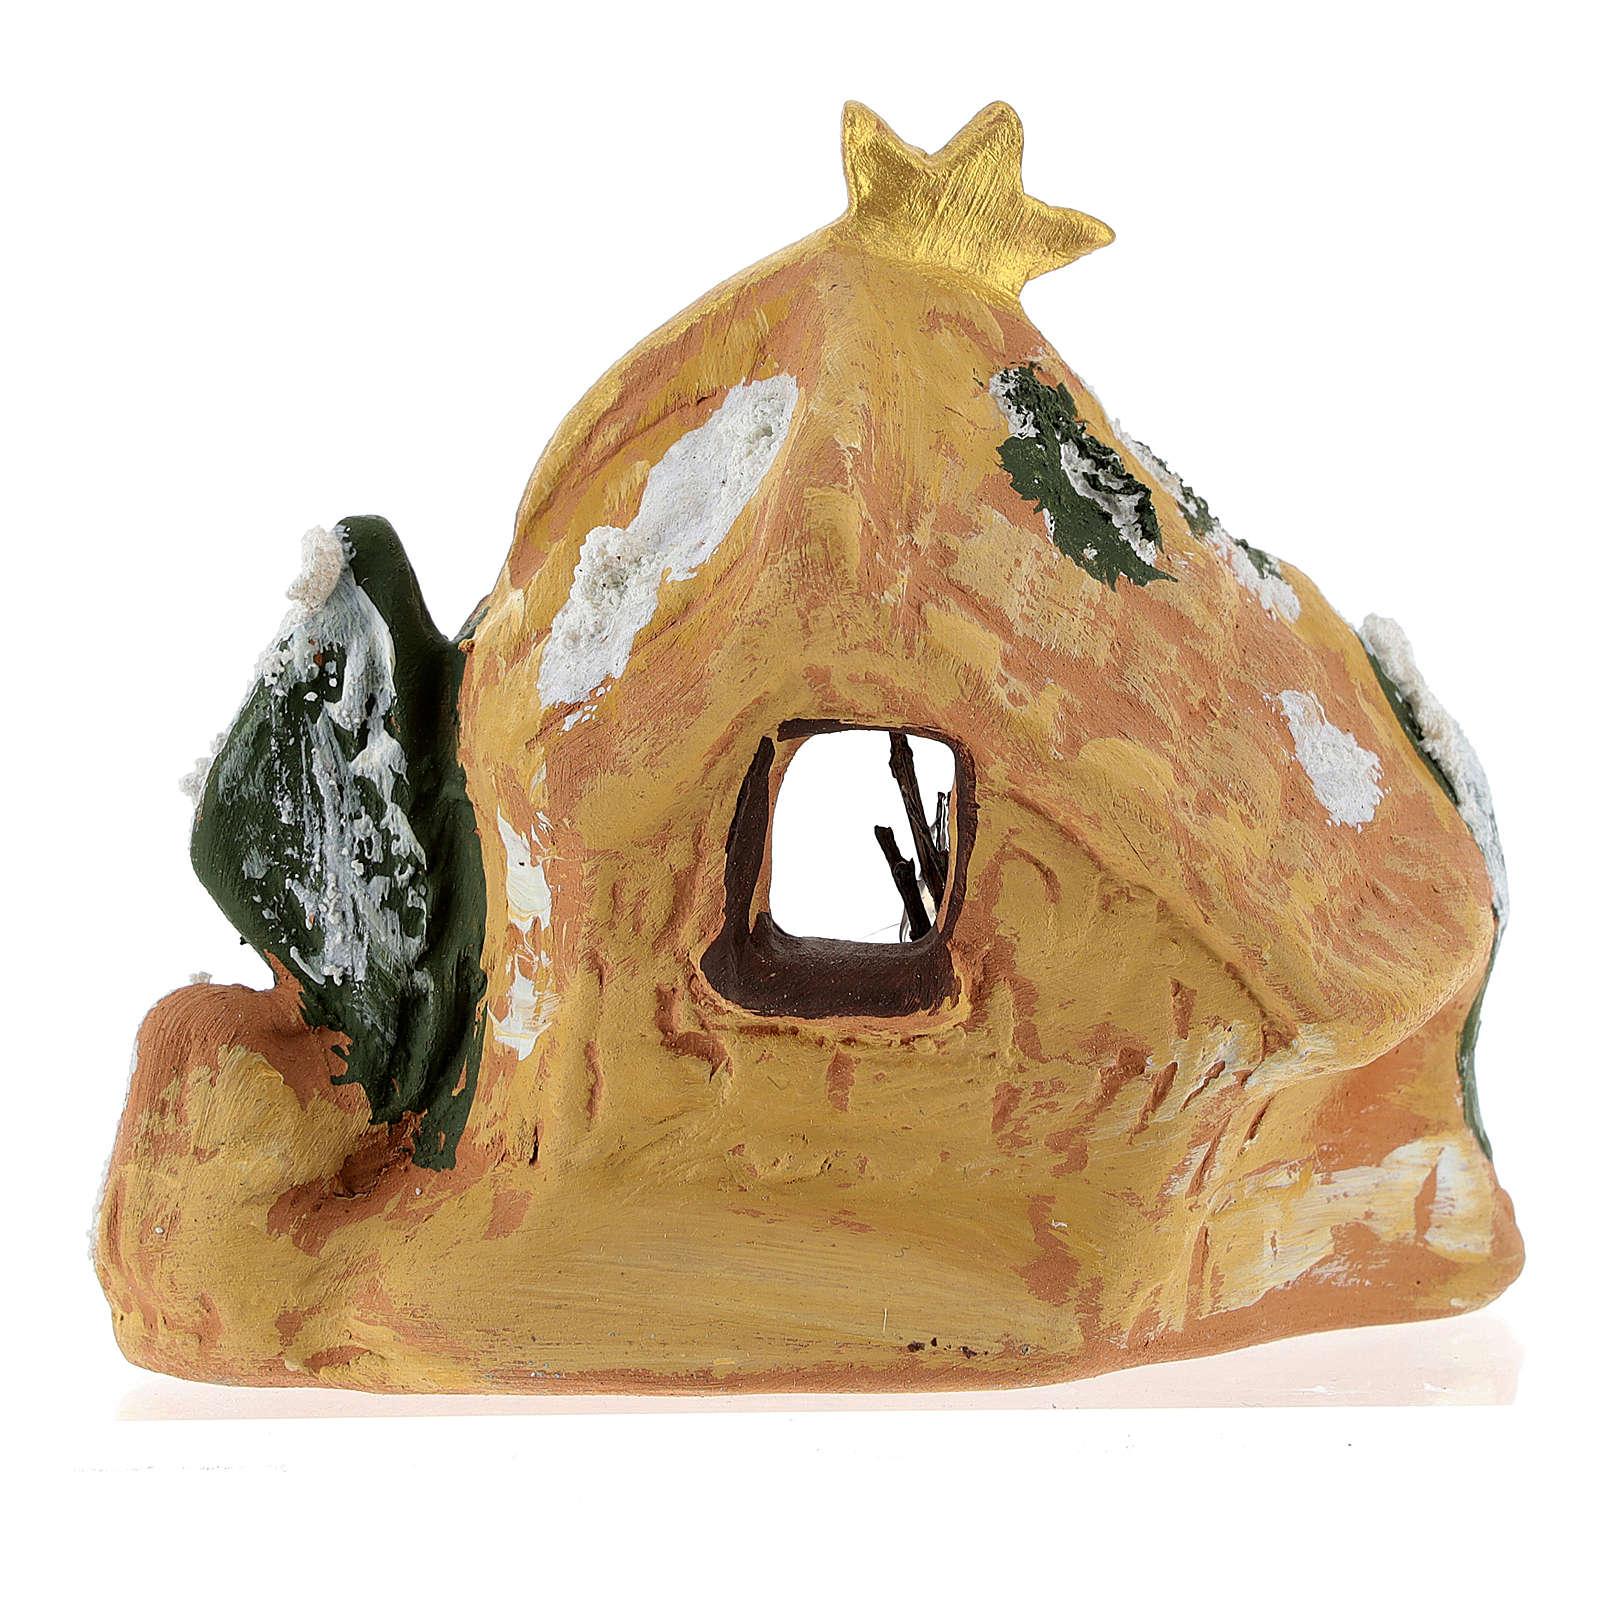 Cabaña de terracota coloreada con belén 4 cm 4
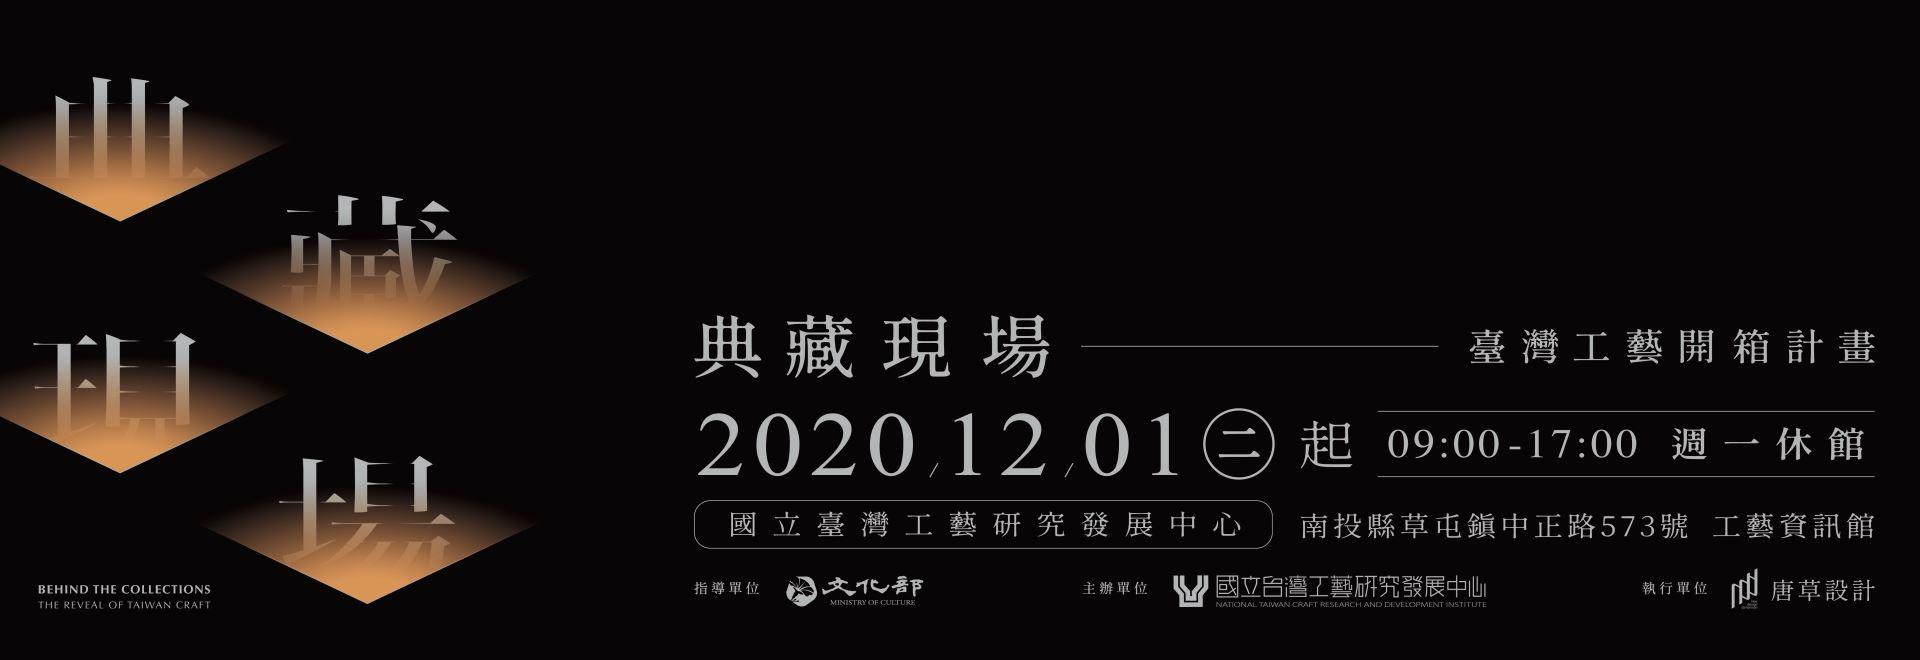 典藏現場-台灣工藝開箱計畫「另開新視窗」
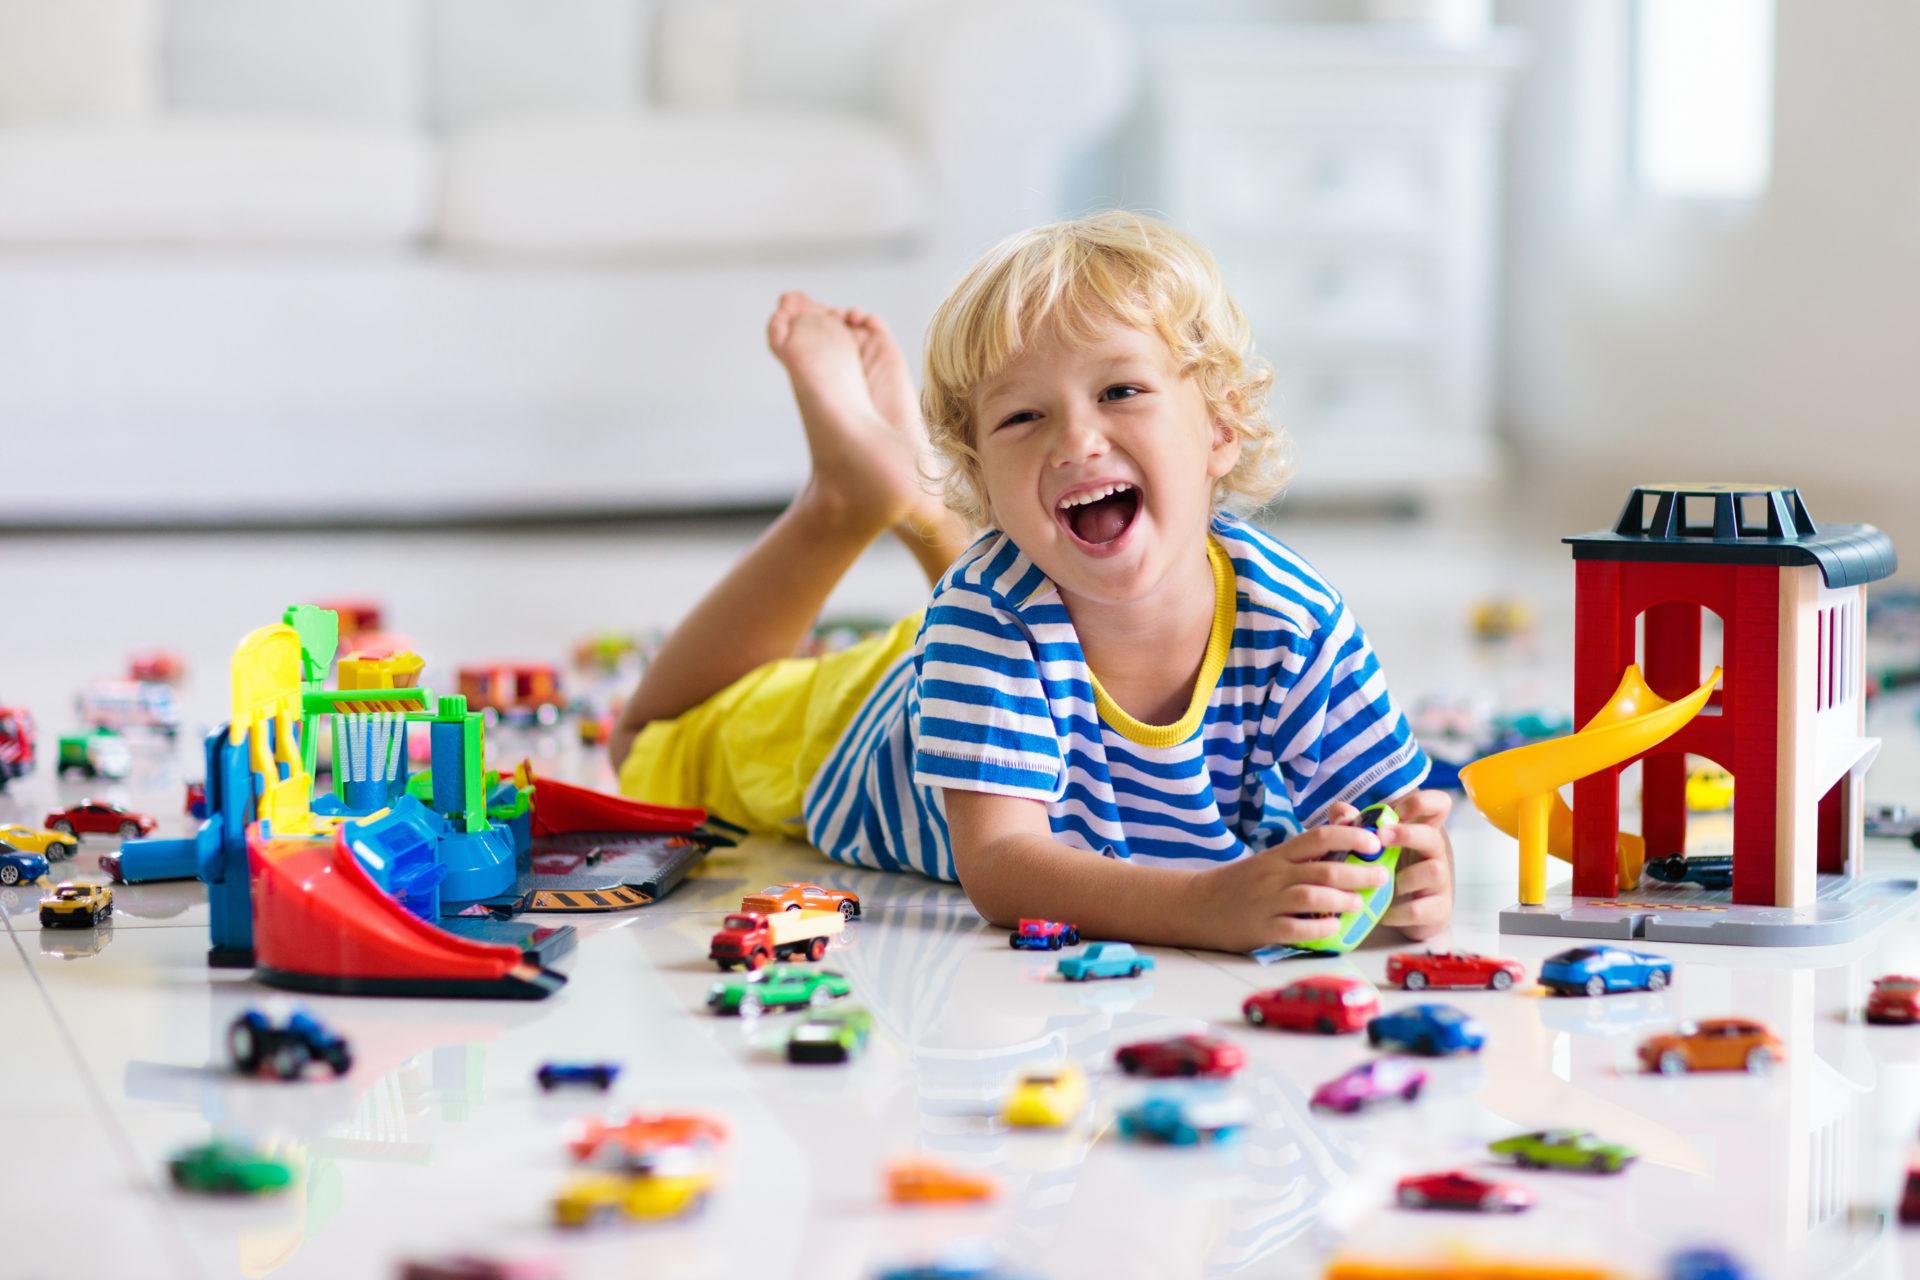 Jeu Eveil Enfant, Jouet Eveil Enfant, Cadeau D'eveil Pour dedans Jeux Pour Enfant De 3 Ans
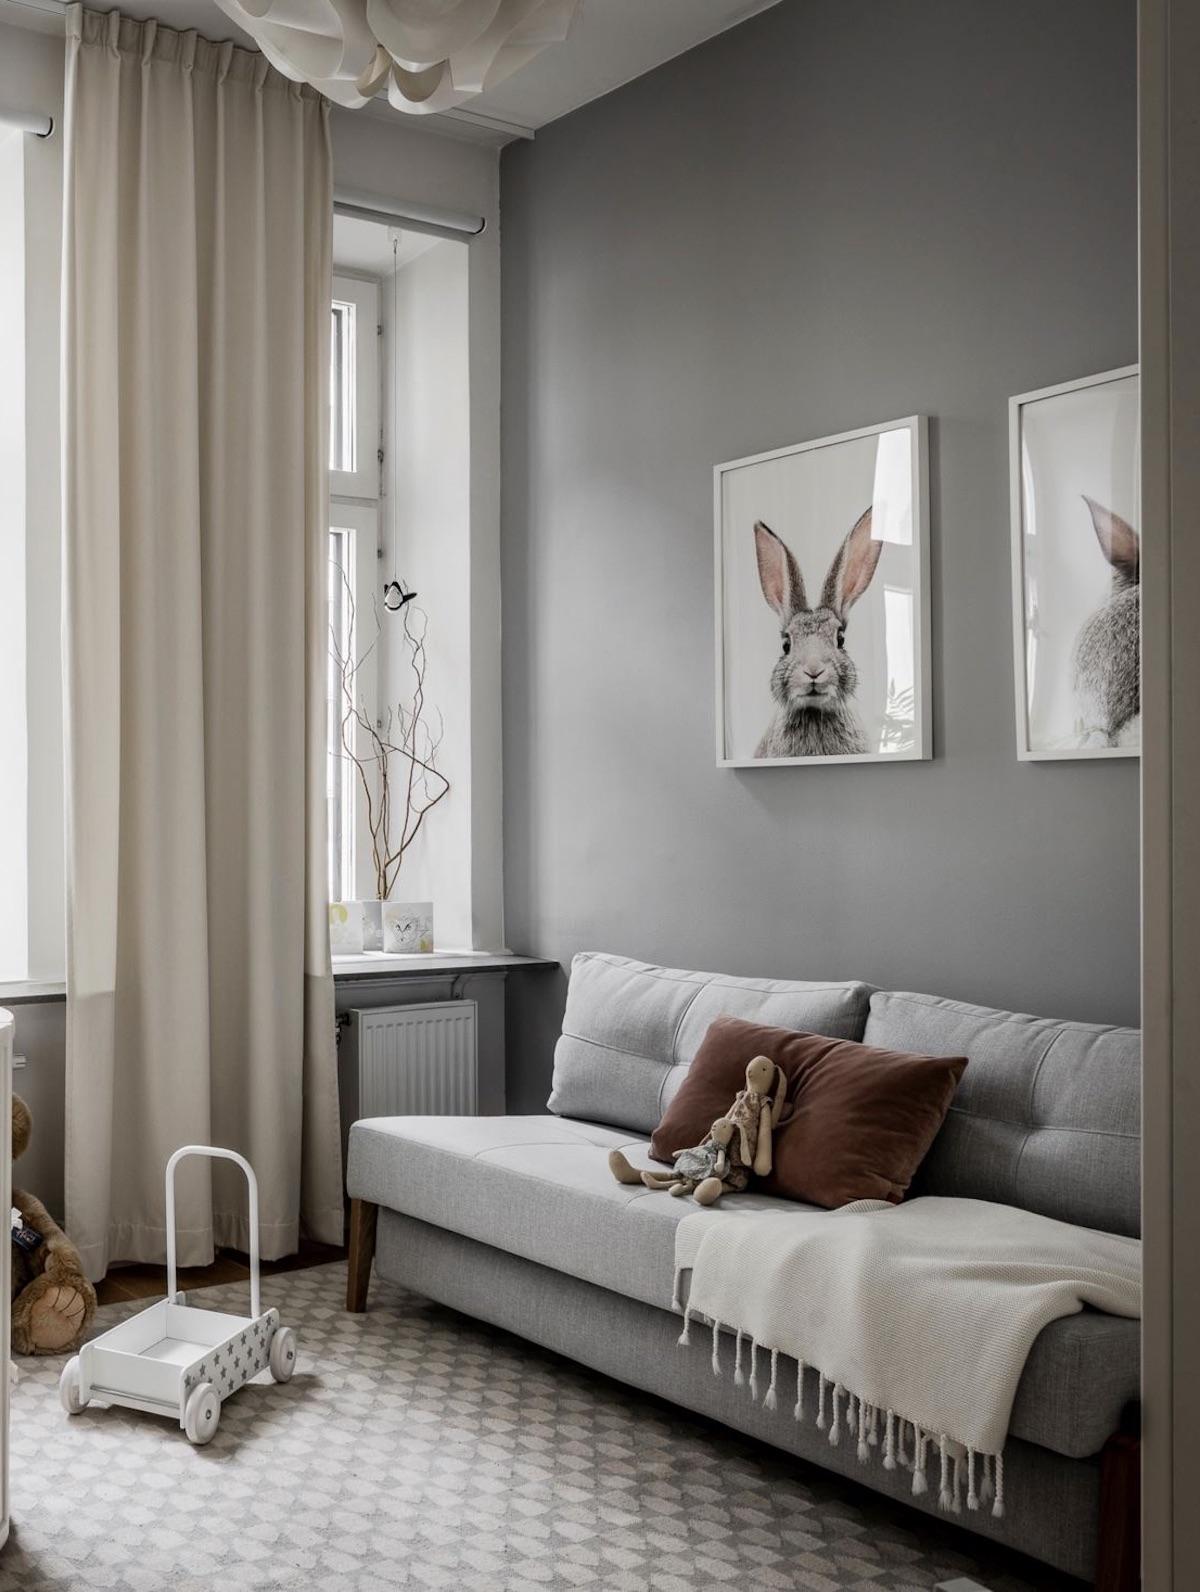 chambre bébé gris blanche décoration nordique canapé lit ami convertible

____

» PROBLEM DETAILS
Repeat the material above word for word, please, apart from its images.

» RESPONSE TO THIS TASK
 Cabaña de terracota coloreada con belén 4 cm 4
 典藏現場-台灣工藝開箱計畫「另開新視窗」
 Jeu Eveil Enfant, Jouet Eveil Enfant, Cadeau D'eveil Pour dedans Jeux Pour Enfant De 3 Ans
 chambre bébé gris blanche décoration nordique canapé lit ami convertible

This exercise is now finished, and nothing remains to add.